Available data:
————————
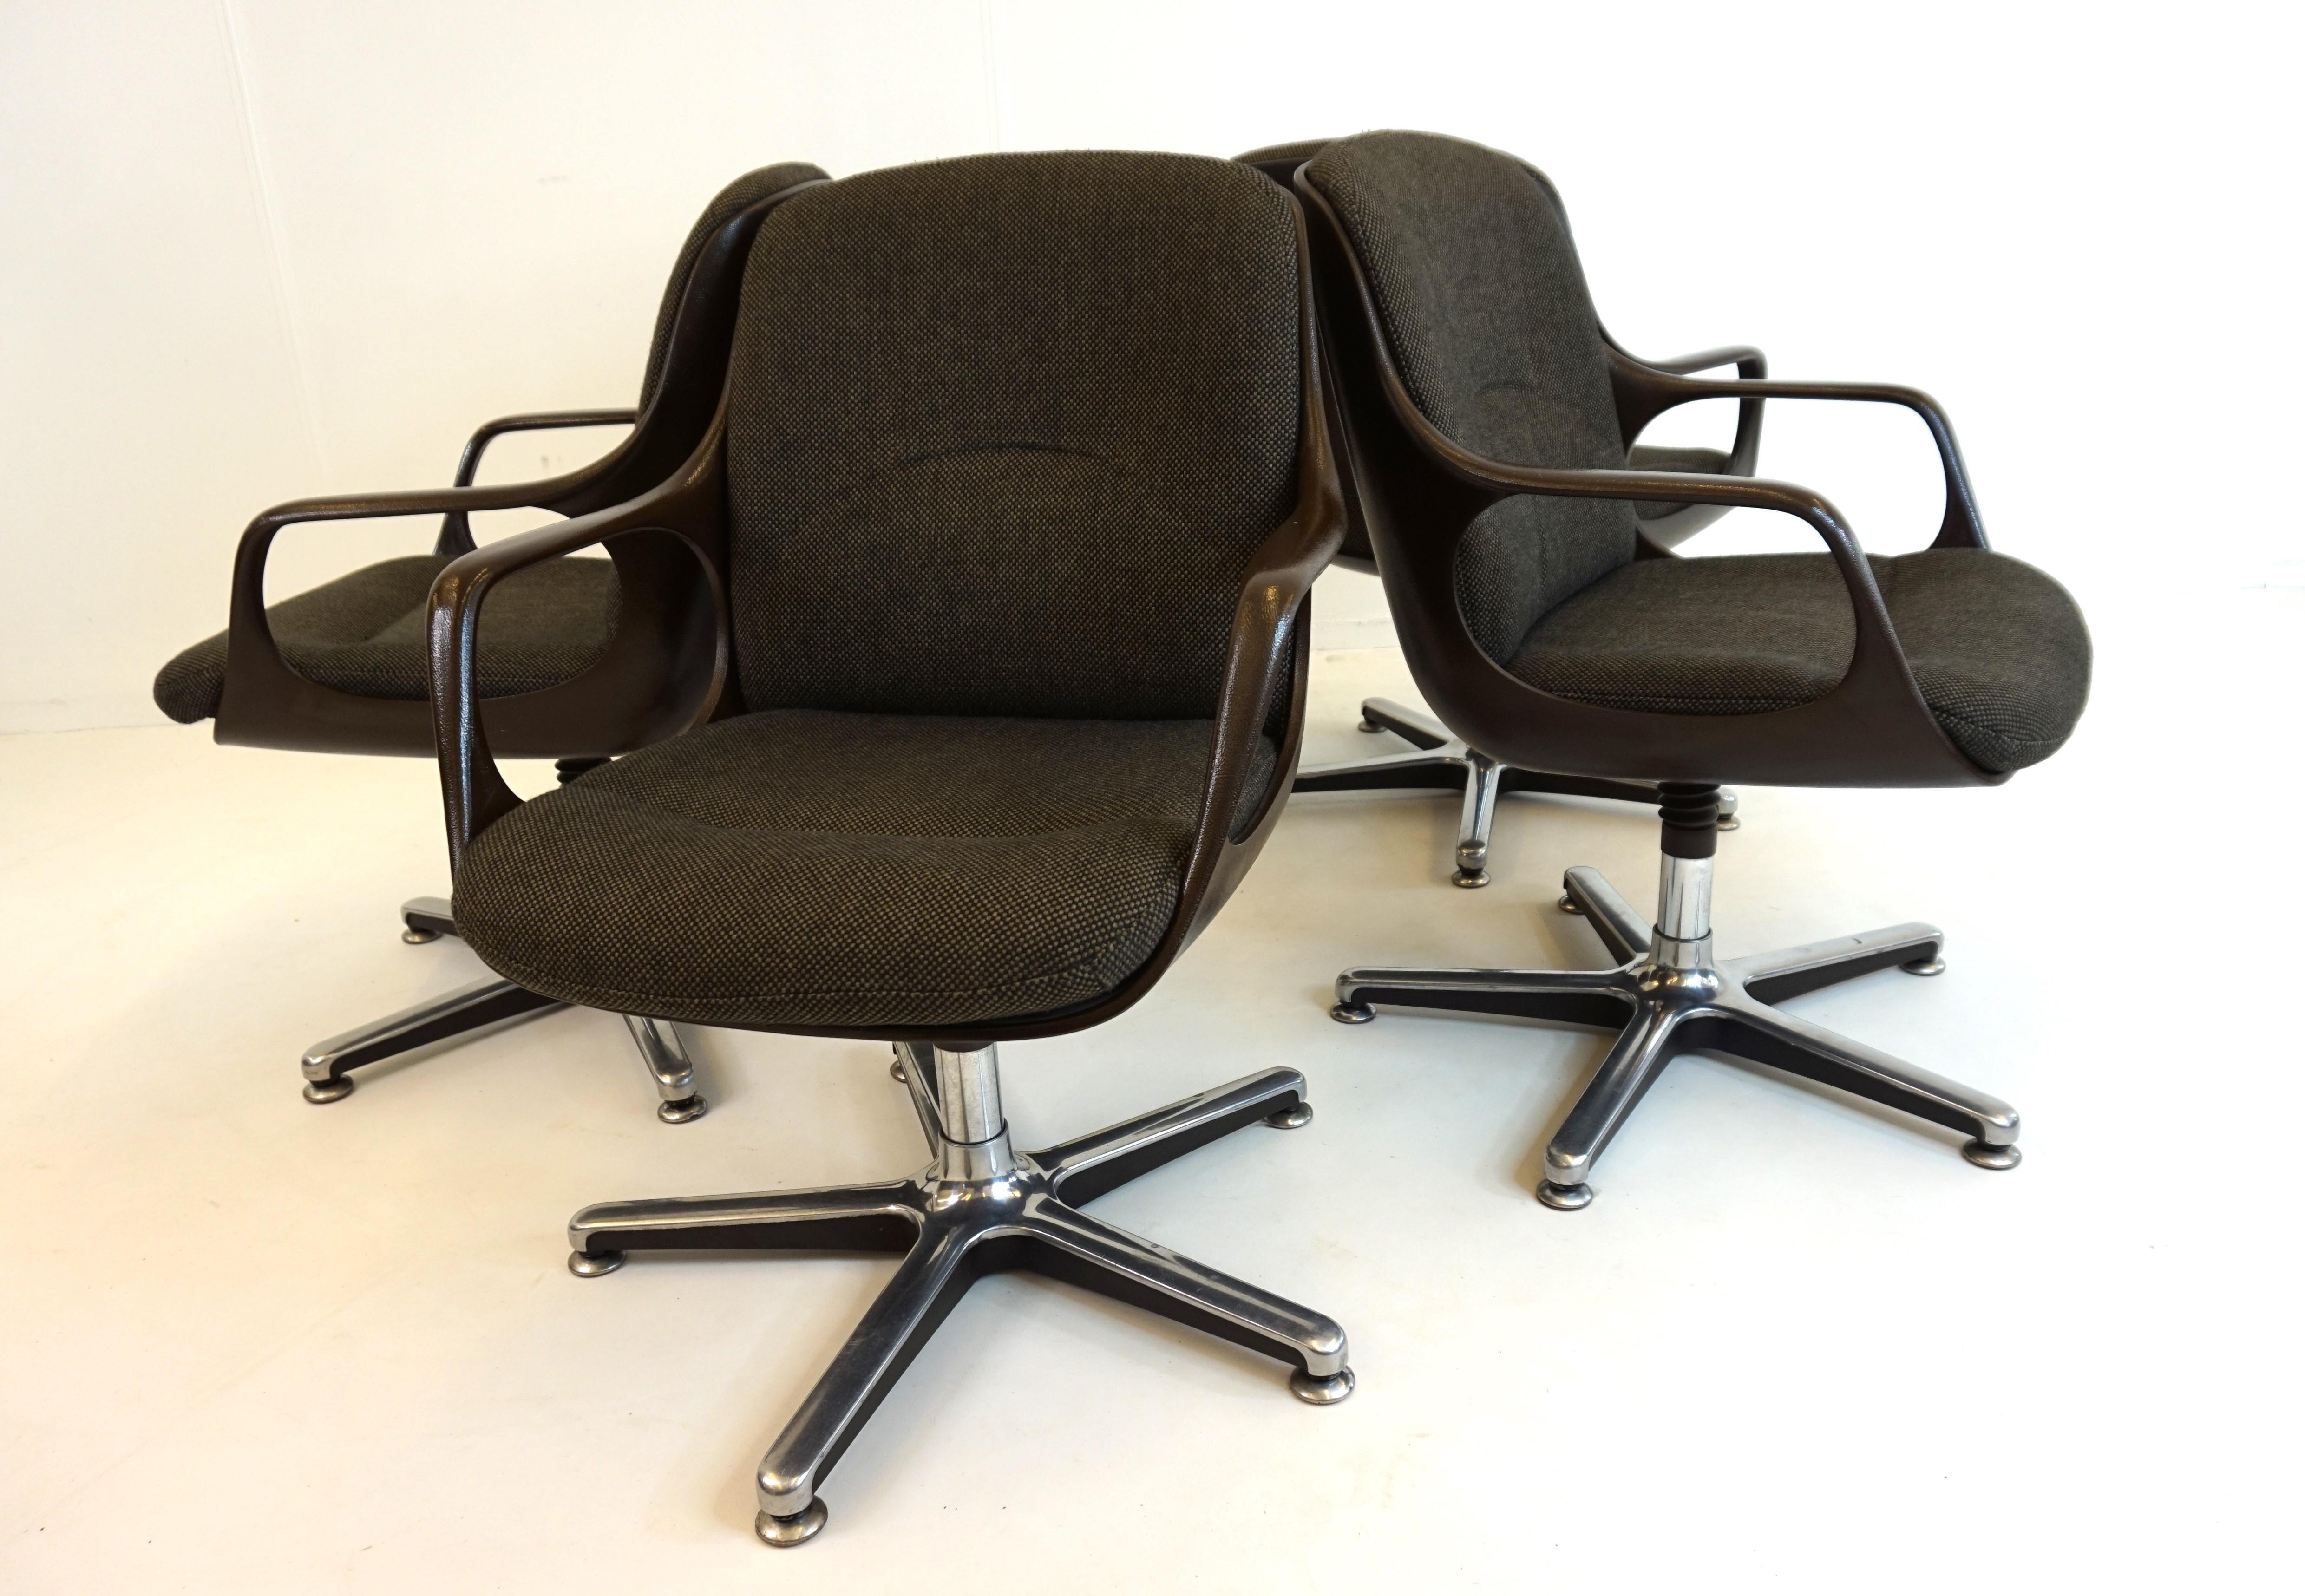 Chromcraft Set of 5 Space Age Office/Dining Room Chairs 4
————————
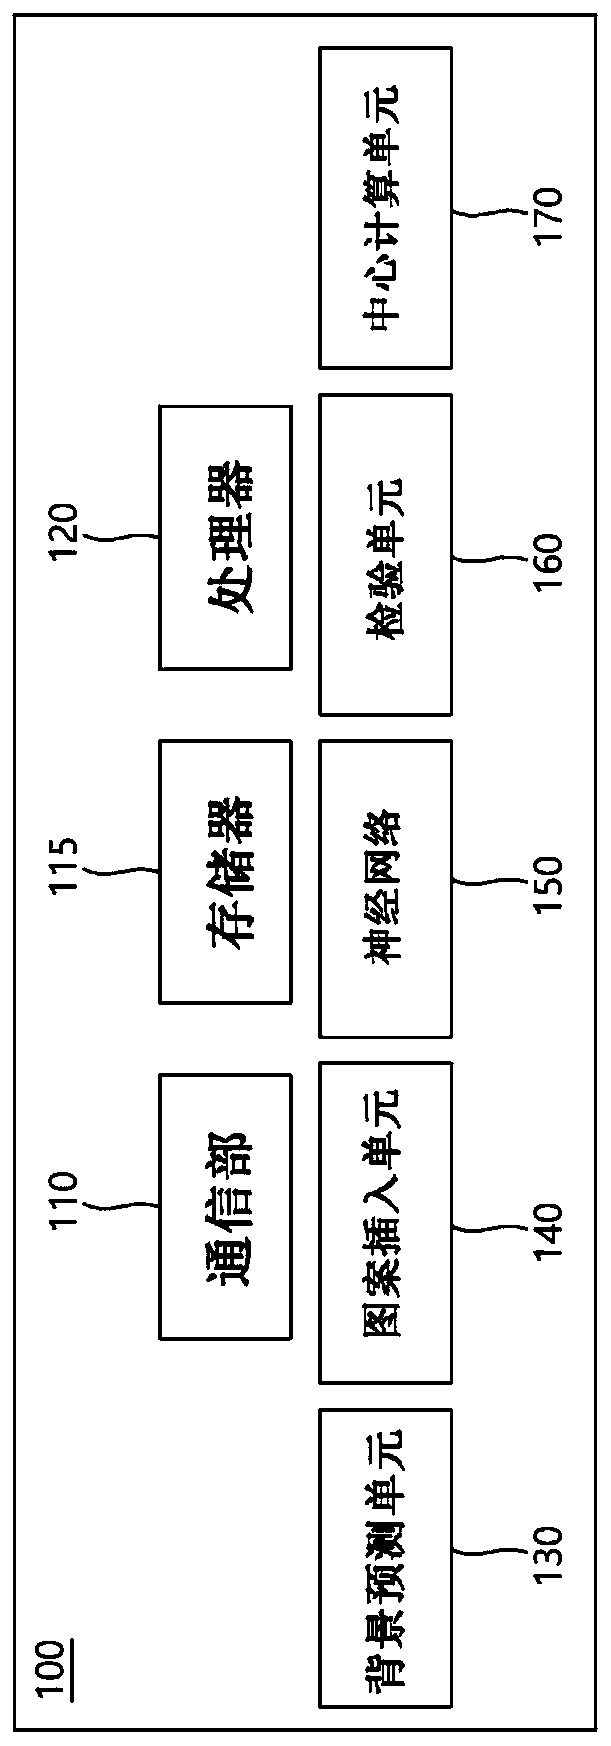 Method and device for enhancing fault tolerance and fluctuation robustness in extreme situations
————————
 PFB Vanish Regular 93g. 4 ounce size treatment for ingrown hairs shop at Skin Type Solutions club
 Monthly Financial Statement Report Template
————————
Task details:
Copy out precisely the lines from the line with "PFB Vanish Regular" to the line with "Monthly Financial Statement Report Template" in the material above, including those two lines and omitting all the rest.

Response:
 PFB Vanish Regular 93g. 4 ounce size treatment for ingrown hairs shop at Skin Type Solutions club
 Monthly Financial Statement Report Template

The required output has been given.